__What to work on__
With the pictures left out, write out exactly the lines of the listing below that run from the line with "jeans 510 levis" through the line with "Señal que indica".

__Records for this exercise__

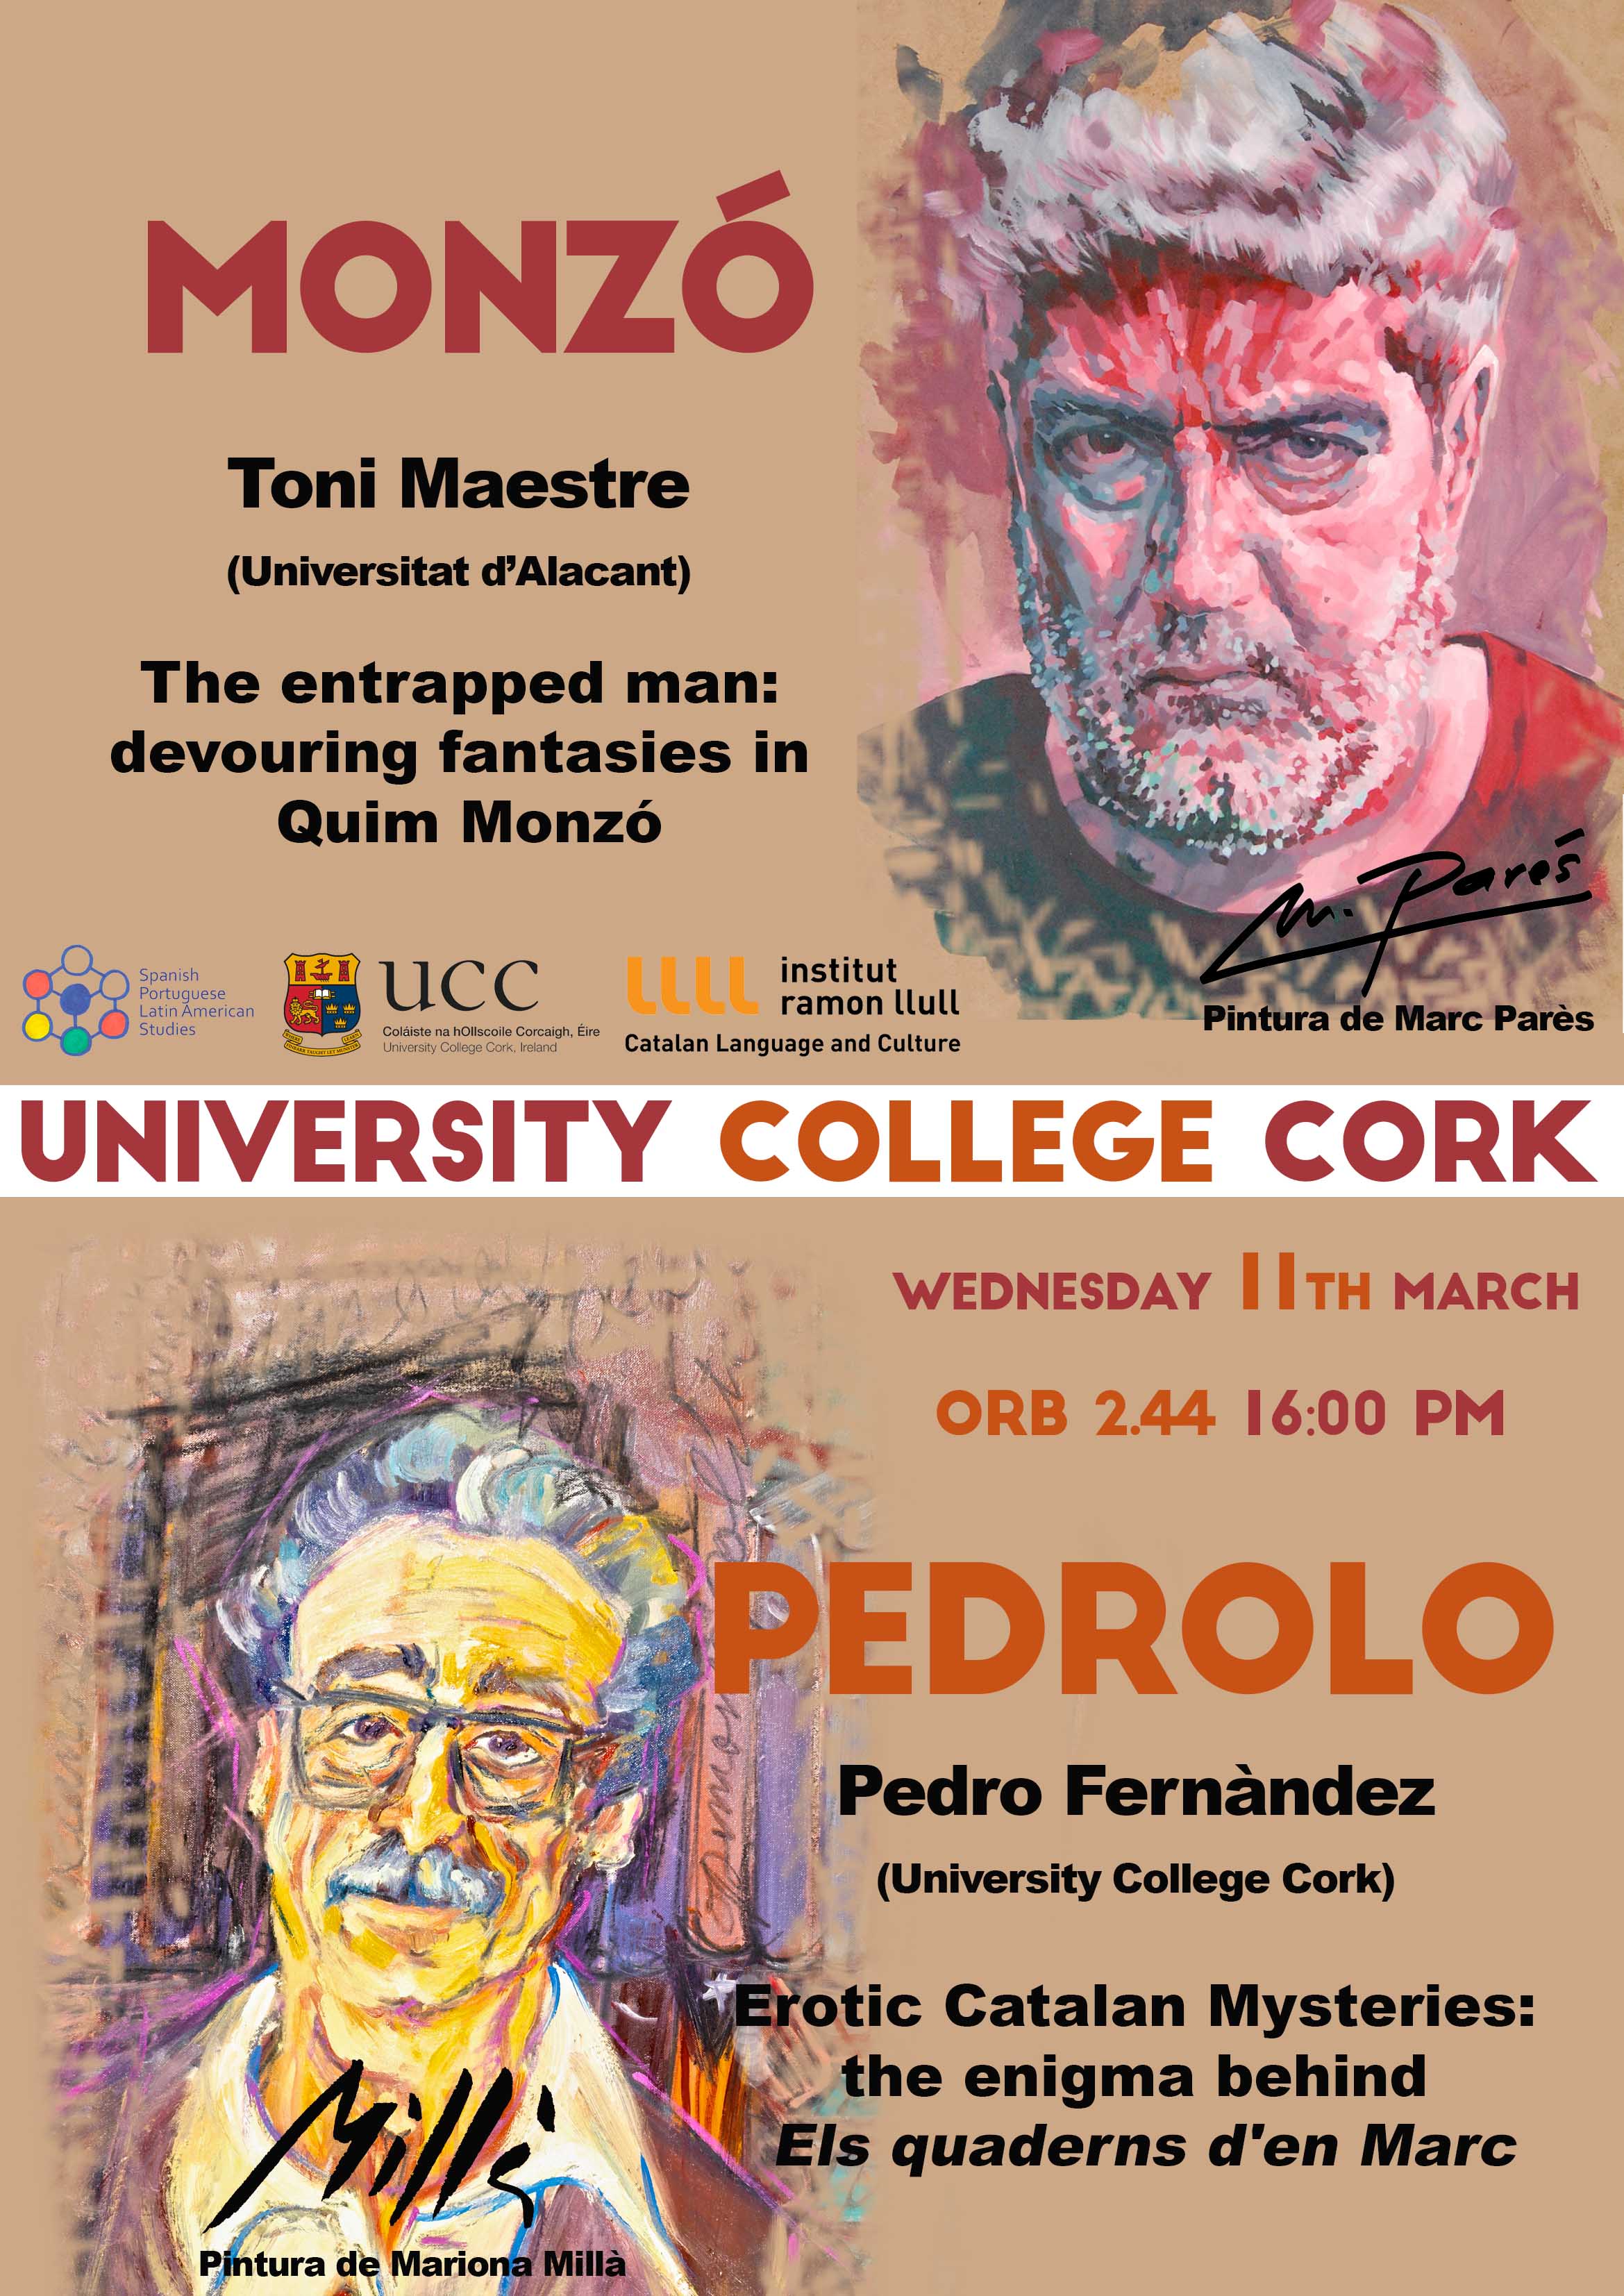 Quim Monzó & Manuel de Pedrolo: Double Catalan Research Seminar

--

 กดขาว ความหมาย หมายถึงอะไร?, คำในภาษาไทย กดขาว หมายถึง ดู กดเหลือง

--

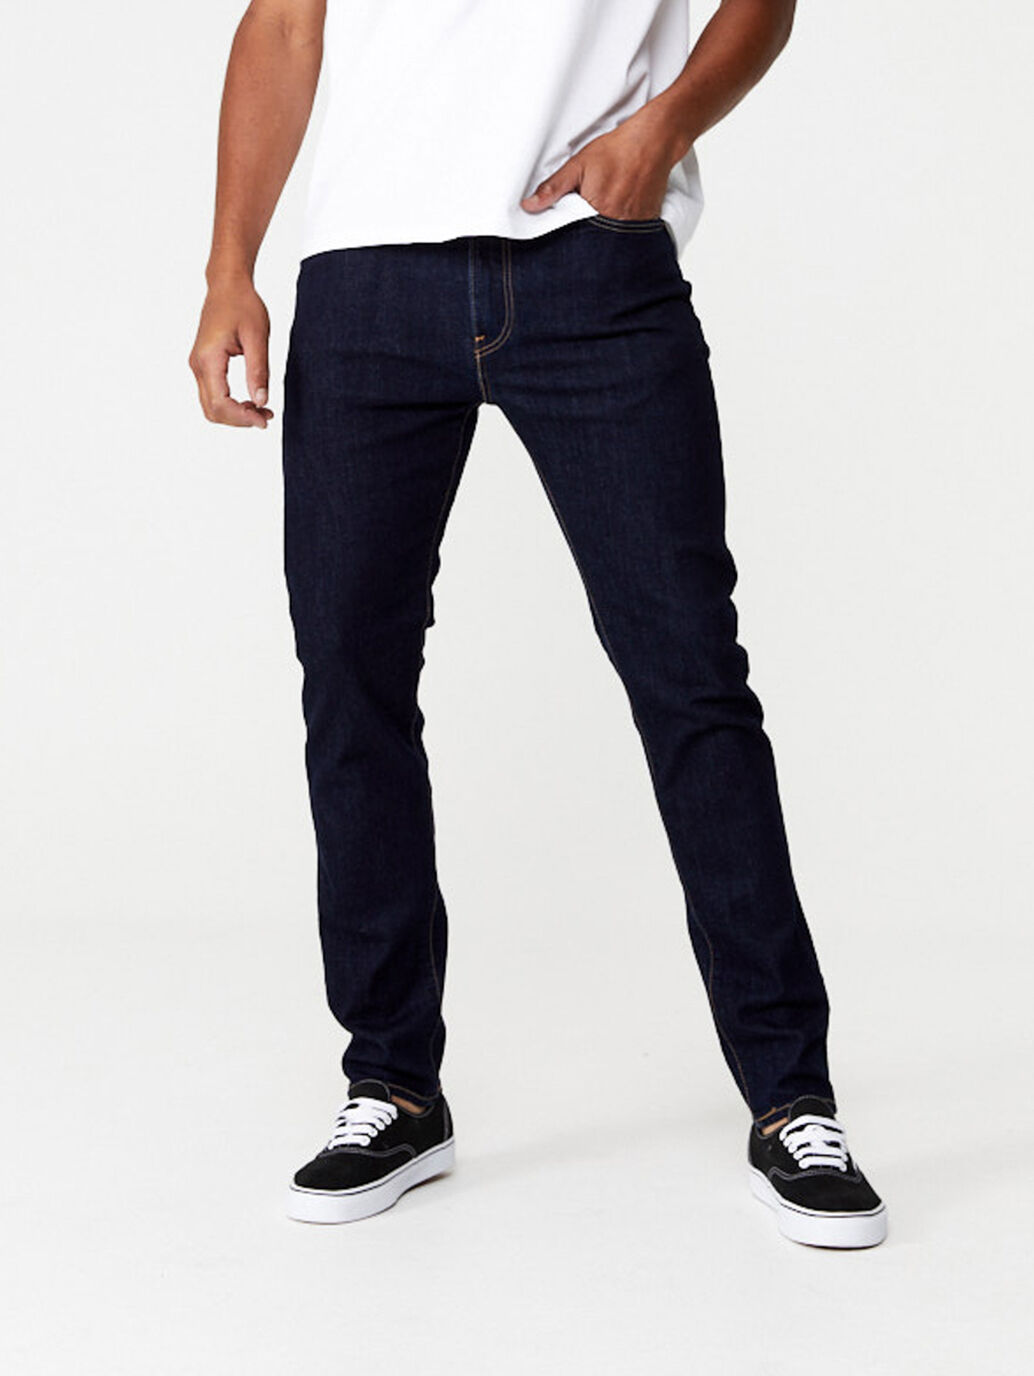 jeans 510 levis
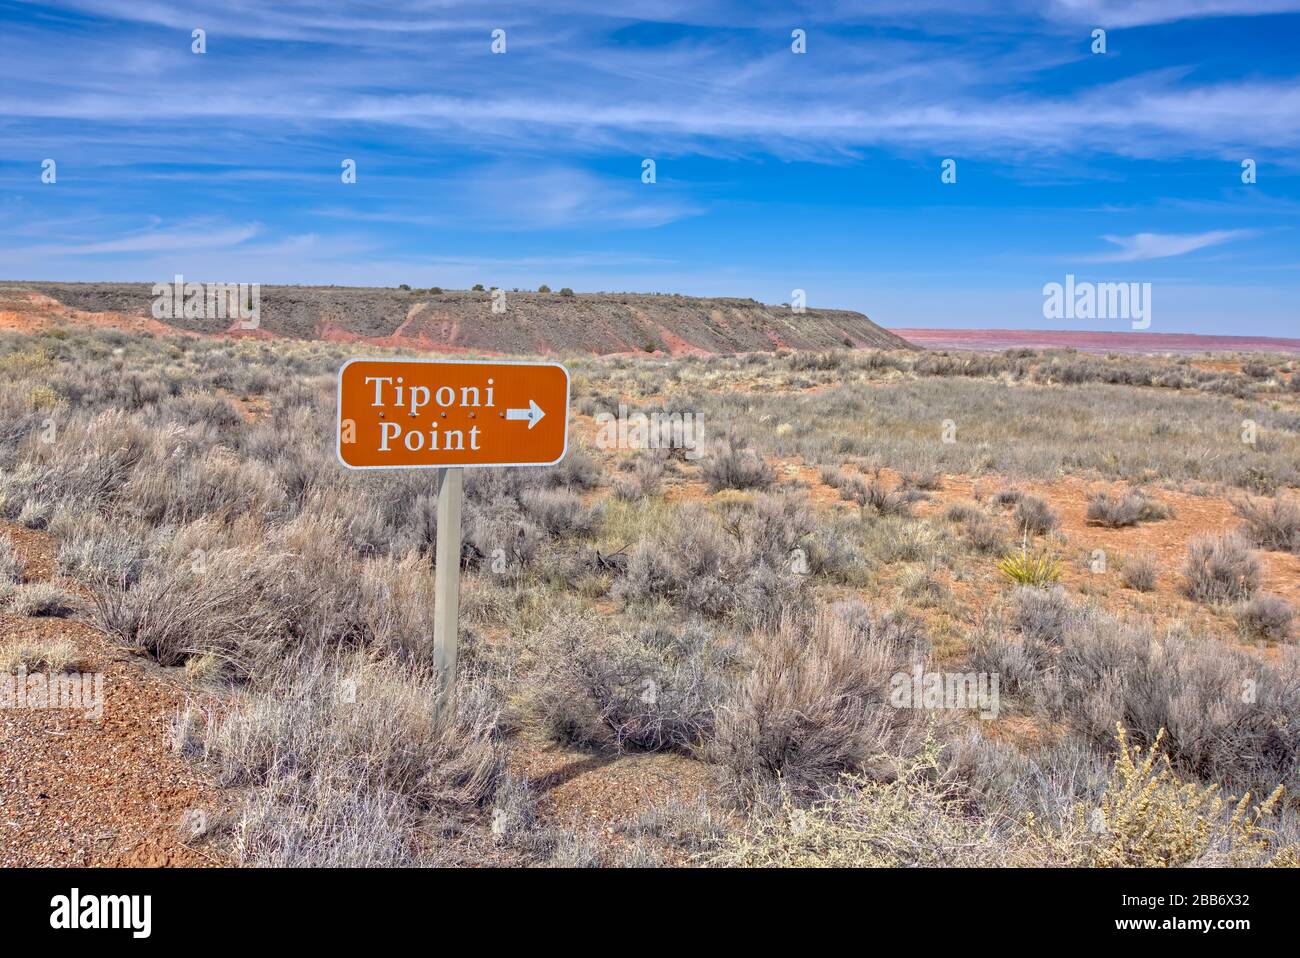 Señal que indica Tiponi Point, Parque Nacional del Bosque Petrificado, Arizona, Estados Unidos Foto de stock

__Output for this exercise__
 jeans 510 levis
 Señal que indica Tiponi Point, Parque Nacional del Bosque Petrificado, Arizona, Estados Unidos Foto de stock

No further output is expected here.